ルイス塩基触媒を用いる有機ケイ素化合物とカルボニル化合物との触媒的不斉反応の開発

研究課題

研究課題/領域番号 09F09765
研究機関東京大学

研究代表者

小林 修  東京大学, 大学院・理学系研究科, 教授

研究分担者 YOO Woo-Jin  東京大学, 大学院・理学系研究科, 外国人特別研究員
キーワード固定化触媒 / 金属ナノクラスター / ワンポット反応 / ホウ素触媒 / 酸素酸化 / 不斉合成 / アルコール酸化 / 高分子
研究概要

我々は既に、ポリスチレンを基盤とする高分子に固定化した金ナノクラスター触媒(PI Au)が、アルコールやヒドロキノンの酸素酸化反応に有効に機能すること見いだしている。今回、本触媒にルイス酸もしくはルイス塩基触媒機能を導入し、ワンポット酸素酸化、炭素-炭素結合形成反応に有効で回収、再使用可能な固体触媒の開発を目指し検討を行った。
その結果、金属ナノクラスターを調製する際に用いた水素化ホウ素ナトリウムが高分子中のアルコール部位とテトラアルコシキボレートを形成し高分子担体に固定化され、Michael反応を触媒することが明らかとなった。触媒調製の最適化を行ったところ、金パラジウム合金ナノクラスターとホウ素触媒を固定化したPI/CB-Pd/Au/B触媒がアリルアルコールの酸素酸化、続くMichael付加反応の二段階反応を効率的に進行させることがわかった。
本触媒は回収、再利用が可能で、室温、中性、一気圧酸素という極めて穏和な条件下、広い基質一般性を示した。さらに、反応の律速段階が一段階目であり、本触媒を用いアリルアルコールの酸化反応のみを行うと副反応が進行することから、ワンポット反応を行うことによる利点を示すことができた。
さらに、金属ナノクラスター触媒とプロリン誘導体を同一担体に固定化した二機能性触媒を新たに開発し、本触媒がアリルアルコールの酸素酸化、引き続く不斉Michael反応の二段階反応を効率的に進行させることを明らかにした。
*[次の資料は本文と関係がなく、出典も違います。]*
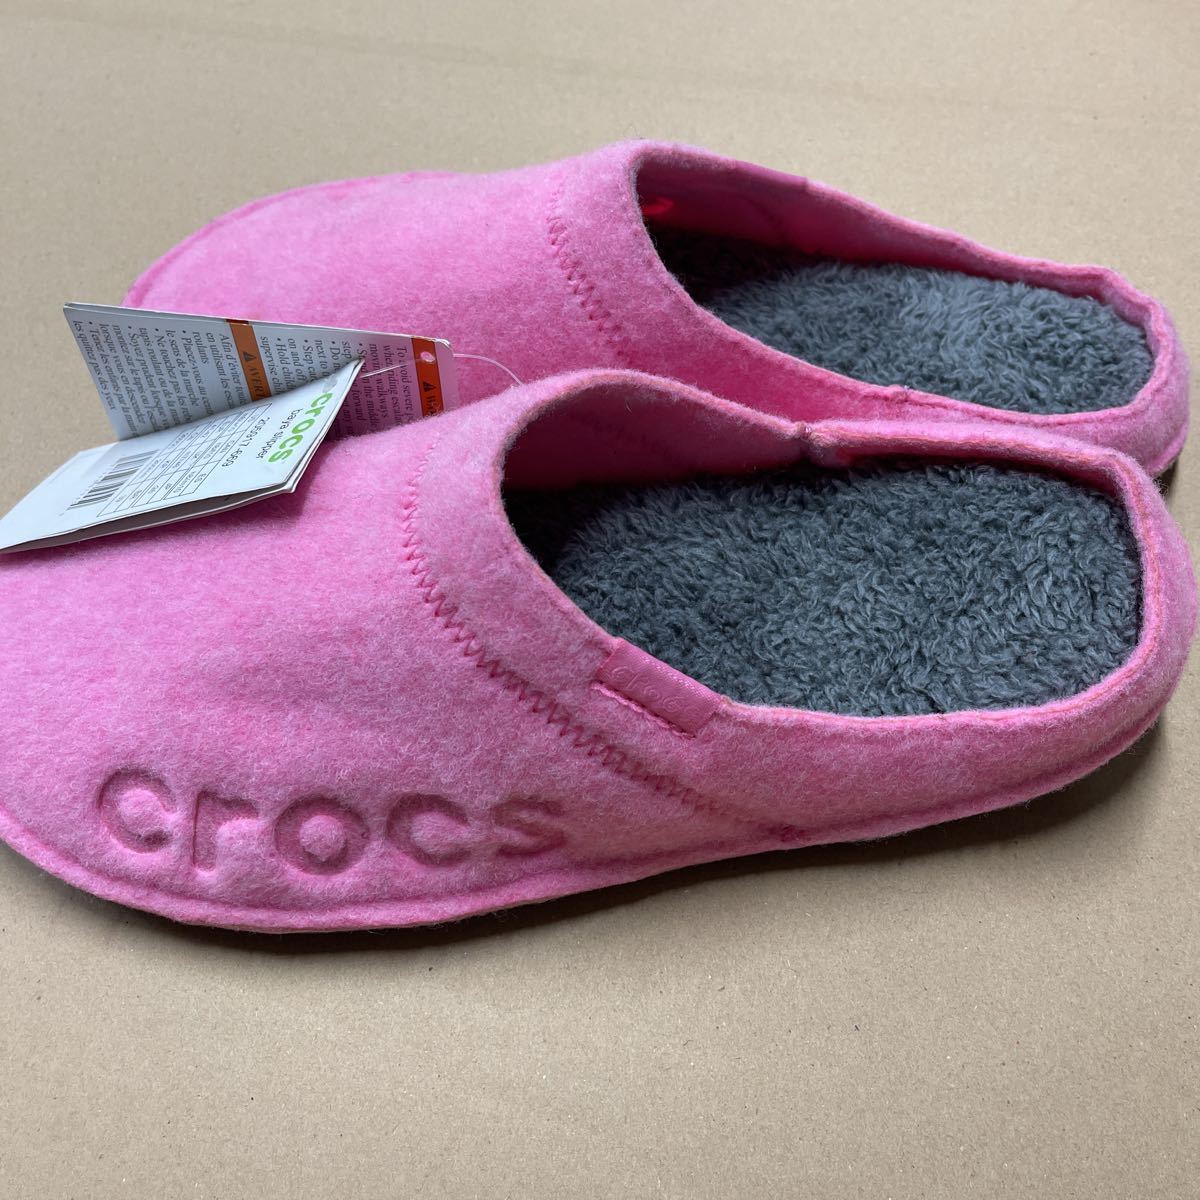 crocsbaya тапочки 205917-669 размер 26 см не использовался розовый baya slpper боа флис салон обувь Crocs

反応の最適化の結果、不斉収率は96%以上、収率80%以上と極めて高い反応性、選択性を示した。固定化不斉触媒でこのような高い選択性、活性を示す例は珍しいばかりか、本触媒のように不斉触媒と金属触媒を同一担体に同時に固定化し、ワンポット多段階反応を行った例はこれが初めてである。

  • 研究成果

    (4件)

すべて 2011

すべて 雑誌論文 (1件) (うち査読あり 1件) 学会発表 (2件) 産業財産権 (1件) (うち外国 1件)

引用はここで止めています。